1. Buka konten
  2. Buka menu utama
  3. Buka situs DW lainnya

Sikap Militer Akan Tentukan Masa Depan Mesir

31 Januari 2011

Kelompok militer akan mainkan peran kunci dalam perkembangan politik di Mesir. Kelanjutan krisis politik ini sulit diperkirakan. Barat tidak secara langsung minta Mubarak mundur, tapi posisinya sulit dipertahankan.

Tentara Mesir berjaga sambil membaca koran di KairoFoto: dapd

Menanggapi situasi di Mesir, harian Perancis Le Figaro menulis:

Sekalipun membantah segala bentuk campur tangan, pemerintahan negara-negara Barat ingin adanya sebuah transisi di Mesir. Tentunya sebuah transisi yang berjalan lancar, yang tidak menggangu stabilitas di Mesir dan tetap bisa menjaga keseimbangan regional. Prasyarat untuk kondisi itu adalah, bahwa militer memainkan peran utama dan menjamin kelangsungan negara Mesir, sesuai dengan panggilan sejarahnya. Tapi ini berarti, bahwa Husni Mubarak, aliansi strategis Barat di Timur Tengah, tidak perlu dipertahankan lagi. Mempertahankan Mubarak di kursi kekuasaan sudah bukan prioritas lagi.

Harian Belanda de Volkskrant juga menyoroti peran militer dalam krisis di Mesir. Harian ini menulis:

Pimpinan militer akan memikirkan secara pragmatis, apa yang perlu dilakukan untuk mengembalikan ketertiban dan keamanan di negara itu. Pada akhirnya, yang harus menjalankan tugas ini adalah para serdadu. Dan mereka tentu punya sahabat dan kerabat di pihak lain. Jadi tentara tidak bisa begitu saja dijadikan instrumen penindasan. Selain itu, para perwira tinggi punya hubungan erat dengan Amerika Serikat. Tidak perlu diragukan lagi, sekalipun Amerika Serikat secara formal tidak meninggalkan Mubarak, namun di belakang layar, Washington mengupayakan langkah reformasi yang akan mengakhiri kekuasaan otokratis Mubarak.

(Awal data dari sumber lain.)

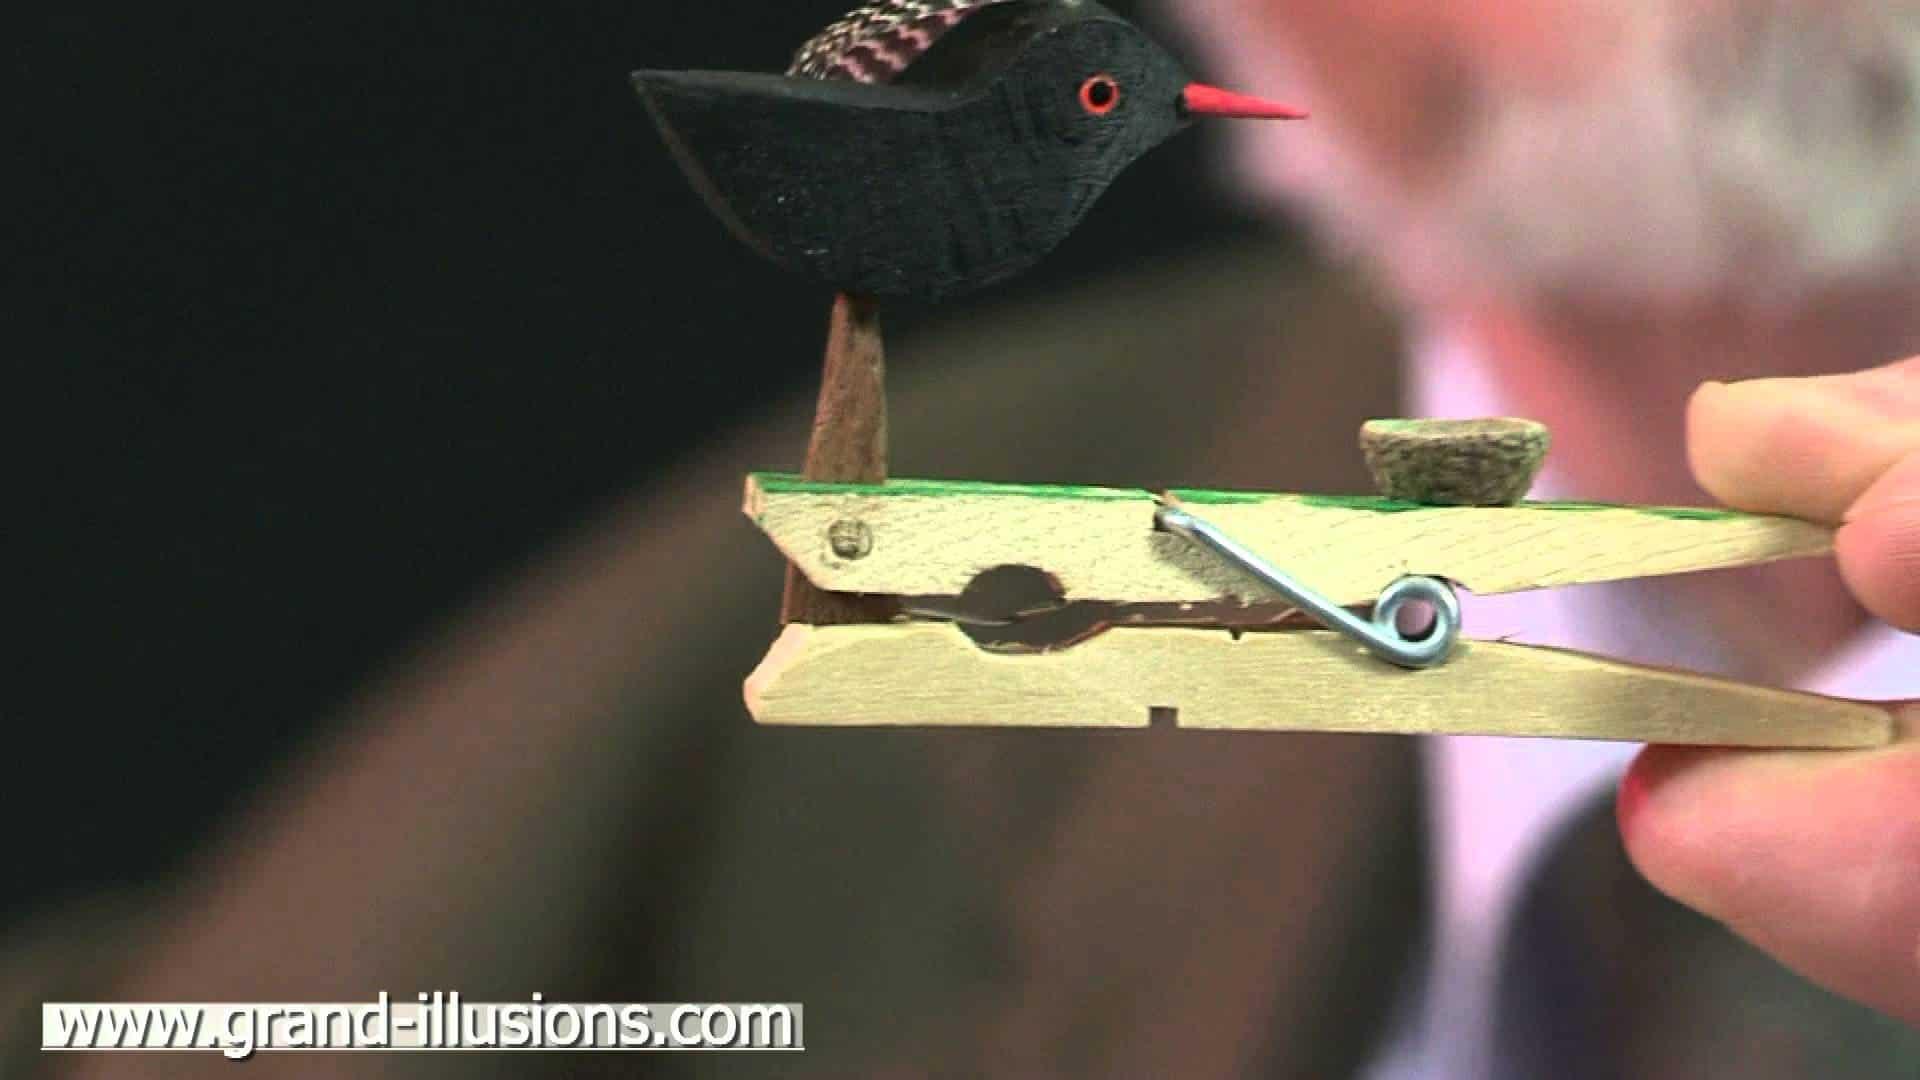 DIY pecking bird toy

Harian Italia La Reppubblica berkomentar:

Ini adalah peluang bersejarah. Yang penting sekarang, bagaimana memecahkan lingkaran kemiskinan, frustasi, kekerasan polisi dan terorisme di negara Arab yang terpenting secara strategis. Situasi di Mesir bisa membuat seluruh kawasan Afrika Utara dan Timur Tengah jadi tidak stabil. Keberhasilan gerakan revolusi bisa merintis perubahan menuju sebuah Mesir yang normal, dengan kekuasaan politik yang memiliki legitimasi dari rakyatnya. Percikan api berawal dari Tunisia, dan ini menunjukkan, bahwa kawasan selatan Laut Tengah bisa berubah. Menuju situasi yang lebih baik, dengan standar kebebasan dan demokrasi.

Harian Jerman Frankfurter Rundschau juga menyoroti dampak aksi protes di Mesir pada situasi di Timur Tengah:

Perdana Menteri Israel Benyamin Netanjahu sering dan senang membicarakan masalah defisit demokrasi di dunia Arab. Ia bahkan menganggap, inilah hambatan terbesar bagi perjanjian perdamaian antara Israel dan Palestina. Memang masih belum jelas, apakah pada akhir aksi protes di Mesir akan muncul pemerintah yang lebih demokratis dan lebih memperhatikan hak asasi manusia daripada pemerintah sebelumnya. Namun perkembangan ini menyimpan peluang, juga untuk Israel. Yang paling baik adalah, jika Israel bersedia mengubah politiknya dan mengakhiri pendudukan. Runtuhnya rejim Mubarak menunjukkan satu hal: tidak ada masa depan yang bisa dibangun di atas penindasan.